Several aspects of the contracts, and the ways they commit one party to the other, do appear to be disproportionate. The word
This article upholds the argument of previous research that contracts can offer key insights into the way artist–label relations evolve within shifting contexts, including the contemporary turn to online streaming. Access challenges should not stymie this contract-focused effort but instead inspire innovative approaches to document analysis, as well as survey inquiries. Ideally, such studies should involve signed contracts, revealing the terms which were actually decided upon. The material for this study was limited to contract proposition drafts made by the labels – drafts which the artists may have been able to renegotiate in their favour through higher advances, less responsibility for production costs, fewer options or a smaller cut from their concerts. Insight into all of the related negotiations would also shed light on the priorities and bargaining power of each party. One of the methodological contributions of this article is its focus on two specific periods, which allowed for a chronological assessment of contract developments both across and within the selection. While the selection also covered both majors and indies on the label side, and experienced and new male and female artists on the creative side, this study was not able to identify meaningful patterns across these demographics. This would require more contracts and, most likely, more comprehensive data management, and it would introduce ethical considerations. It would also represent a big step towards relating these texts to their contexts – socially, culturally and economically.

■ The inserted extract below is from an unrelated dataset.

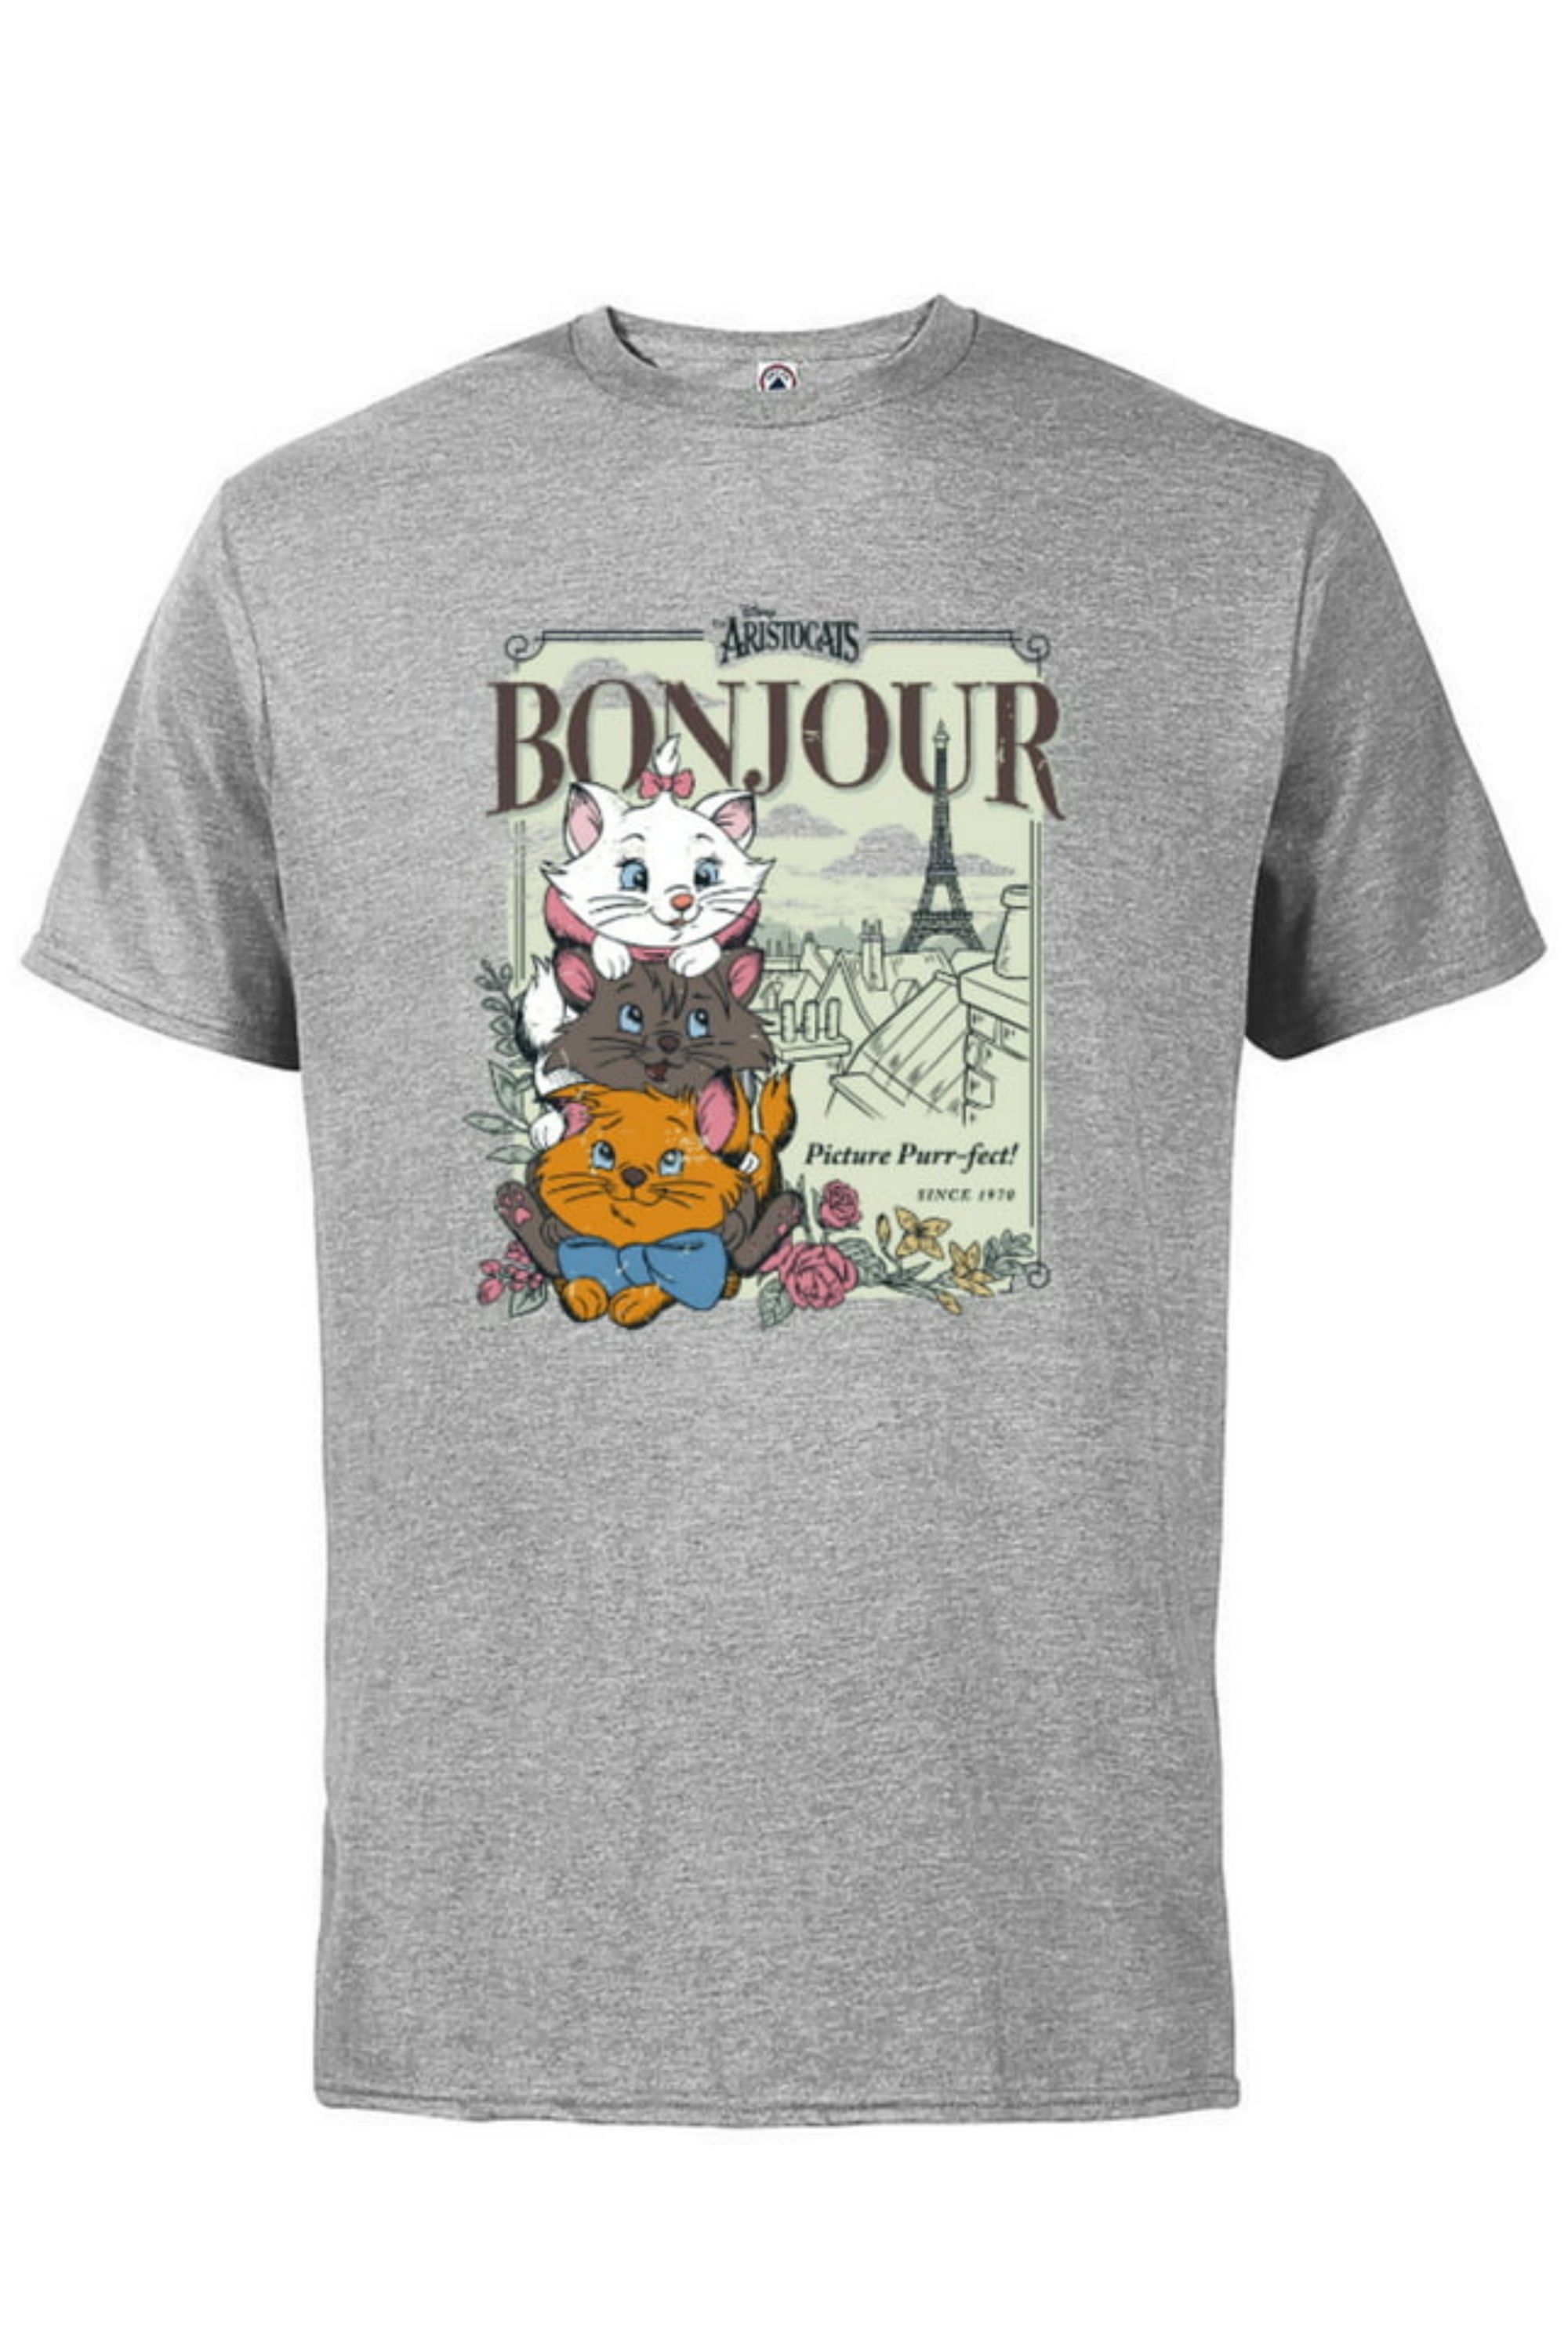 Bonjour The Aristocats T-Shirt

This study was carried out in the context of Norway and the Nordic region, which has been at the forefront of the global turn to streaming, and which in that regard might be indicative of similar developments elsewhere. Norway has a small music market, however, which might provide labels with an extra incentive to exploit their existing rights and activities rather than invest in new ones. Furthermore, Norway’s cultural policies and generous support measures (relatively speaking) might offer artists alternatives to signing full-fledged record deals, as indicated earlier. This situation makes it clear that any understanding of the balance between the signing parties, and in turn, the relevance of various regulatory initiatives, will benefit from further studies of artist–label relations in other countries and across other time periods.